Your assignment: Each entry below must come back exactly as written, without its pictures.

Task inputs:
****

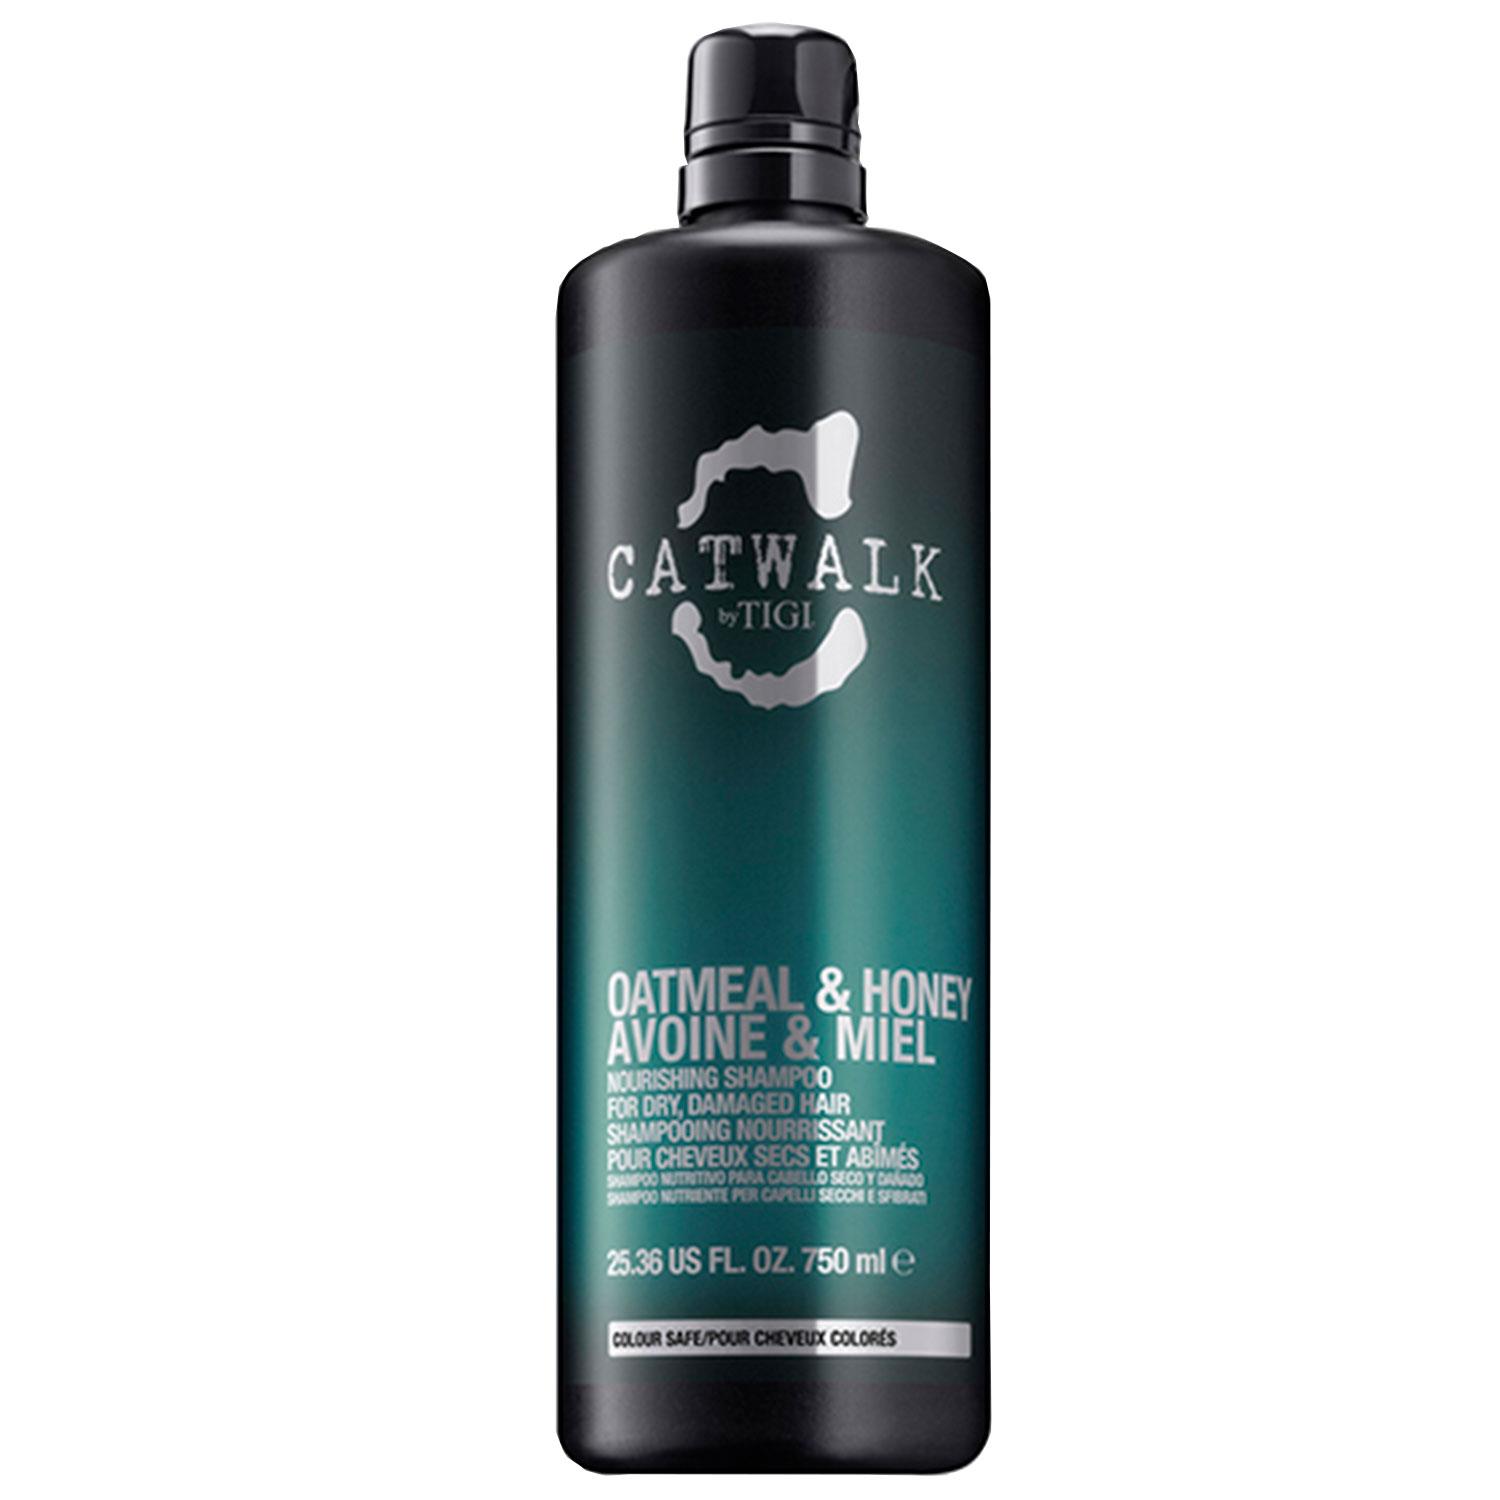 Catwalk by Tigi Oatmeal & Honey Nourishing Shampoo and Conditioner 2x750ml,1PK
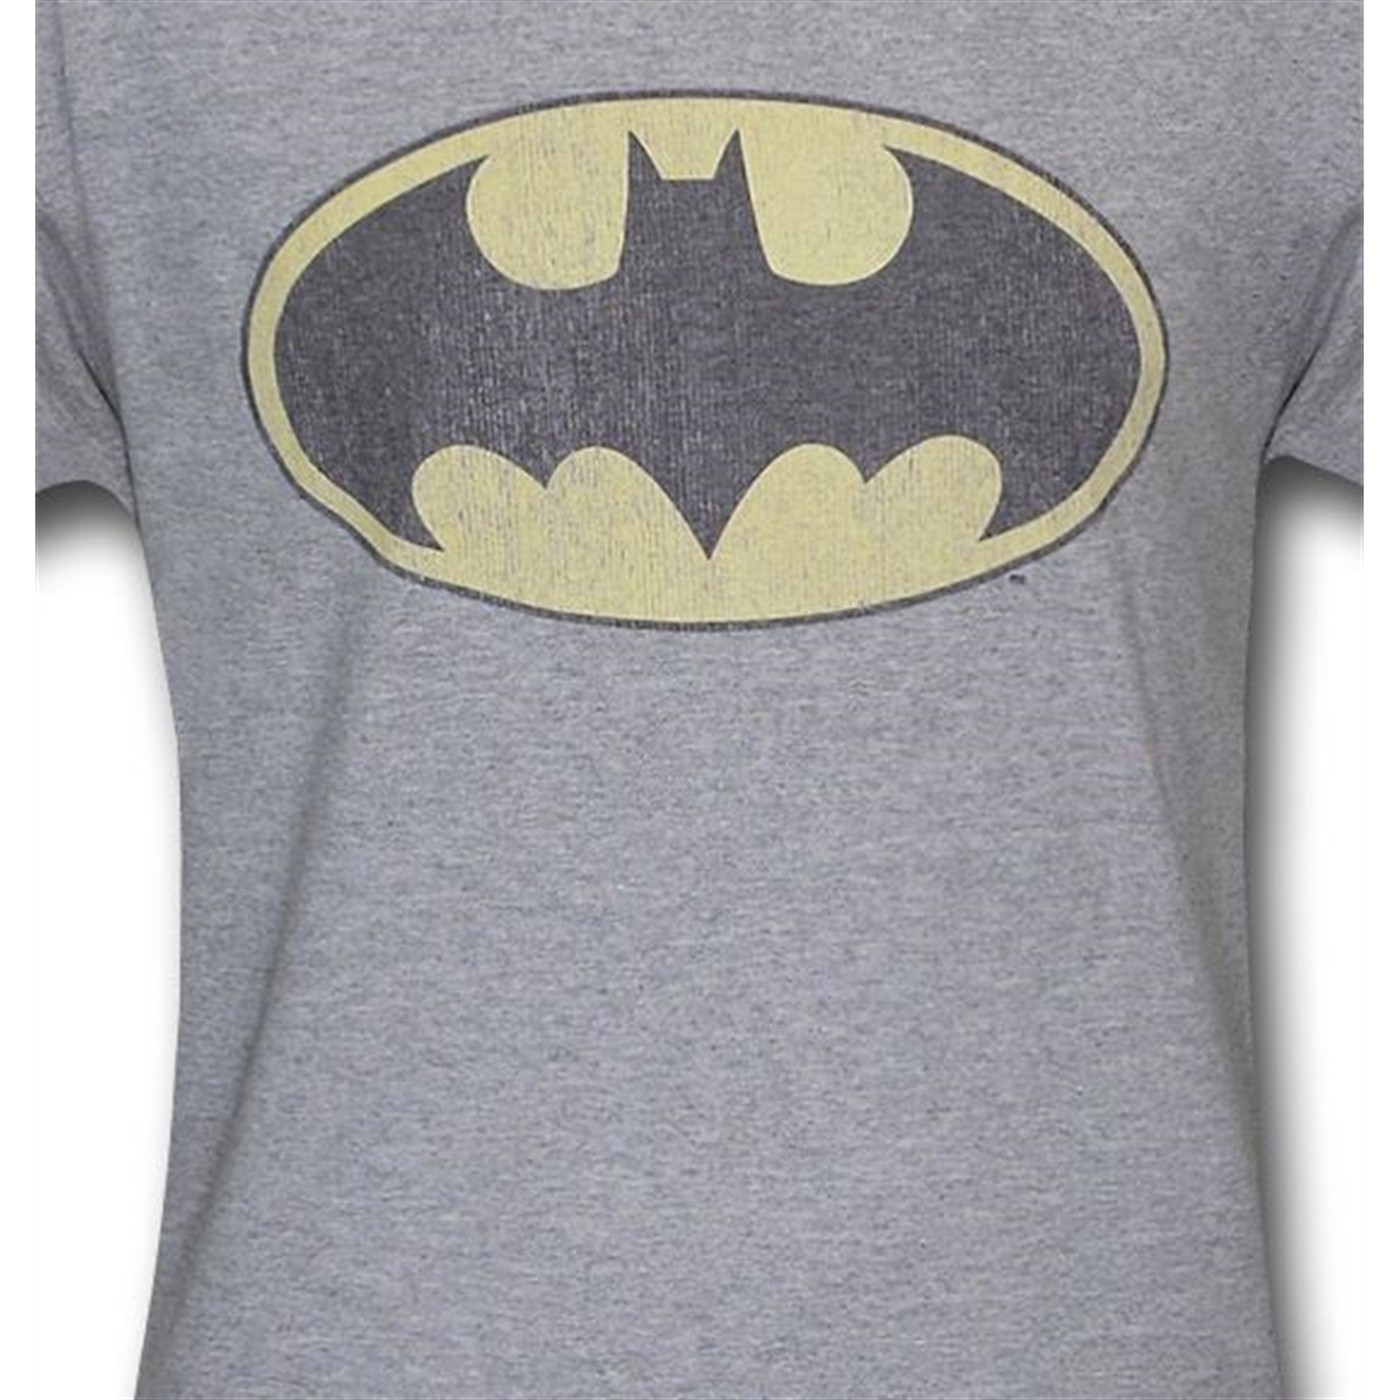 Batman Distressed Logo Heather Gray Ringer T-Shirt
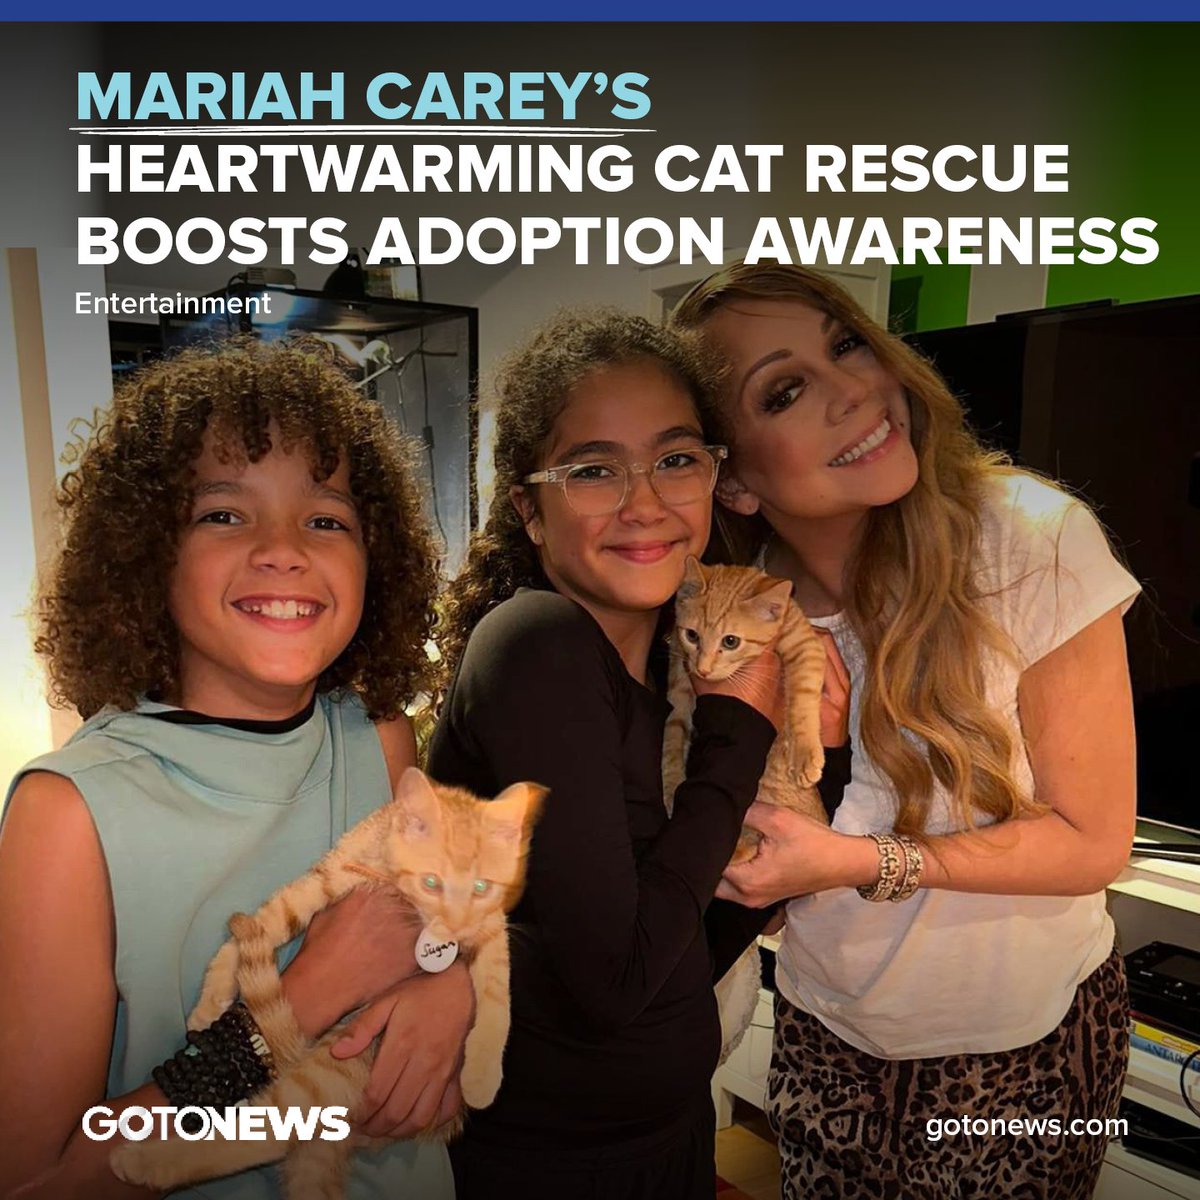 Mariah Carey's Heartwarming Cat Rescue Boosts Adoption Awareness!. By choosing adoption, Mariah shone a spotlight on the importance of giving shelter animals a home.
gotonews.com
#mariahcarey #hollywood #hollywoodnews #hollywoodsinger #adoptionawareness #gotonews
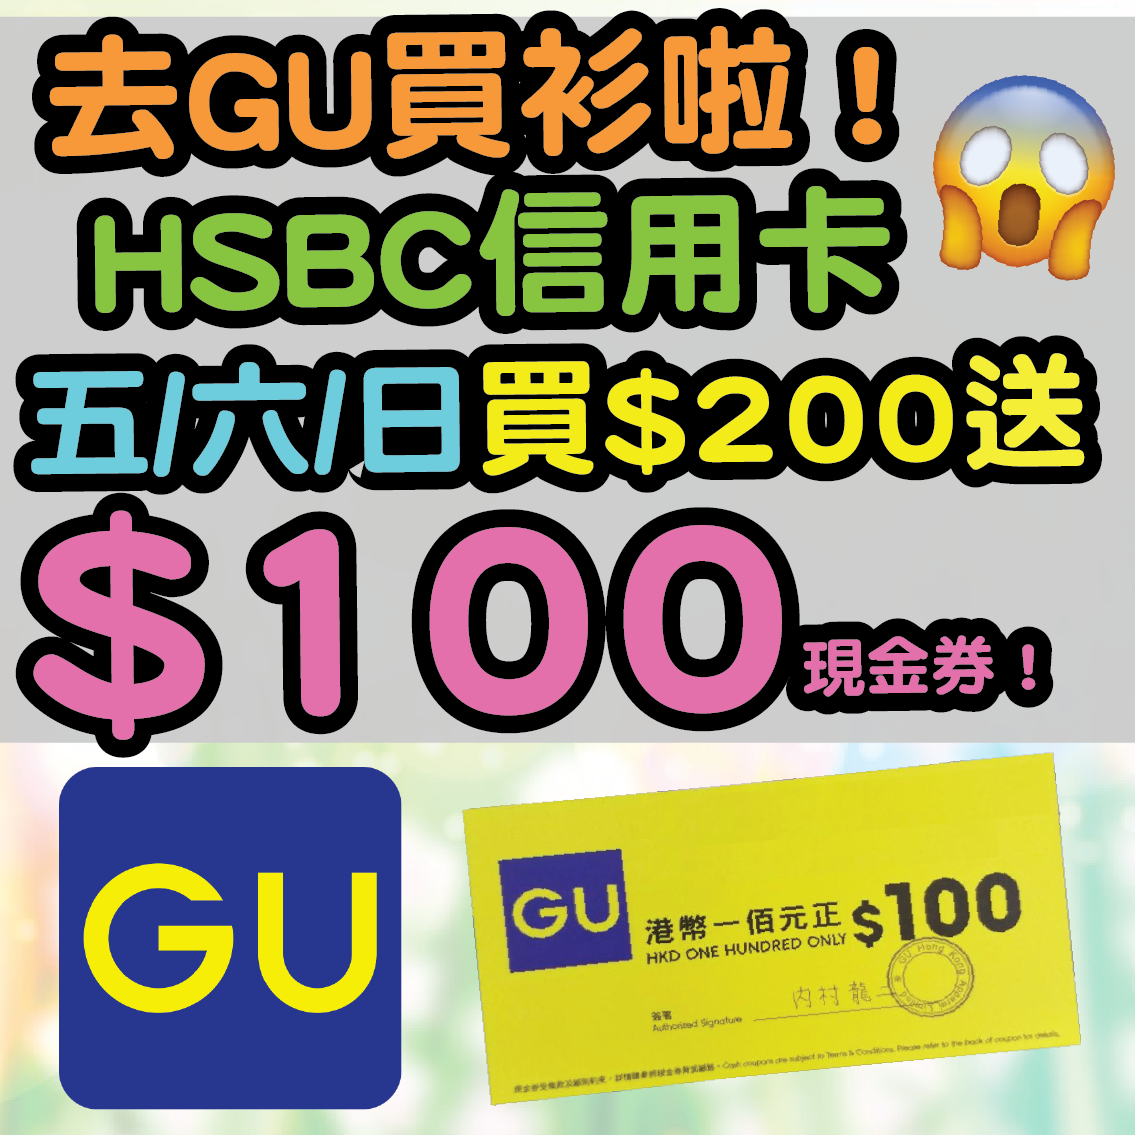 HSBC信用卡優惠！8月20日至8月22日期間，GU單一簽賬$200，就有GU $100現金券！

****

Solution to this problem:
 Catwalk by Tigi Oatmeal & Honey Nourishing Shampoo and Conditioner 2x750ml,1PK
 Batman Distressed Logo Heather Gray Ringer T-Shirt
 Mariah Carey's Heartwarming Cat Rescue Boosts Adoption Awareness!. By choosing adoption, Mariah shone a spotlight on the importance of giving shelter animals a home.
gotonews.com
#mariahcarey #hollywood #hollywoodnews #hollywoodsinger #adoptionawareness #gotonews
 HSBC信用卡優惠！8月20日至8月22日期間，GU單一簽賬$200，就有GU $100現金券！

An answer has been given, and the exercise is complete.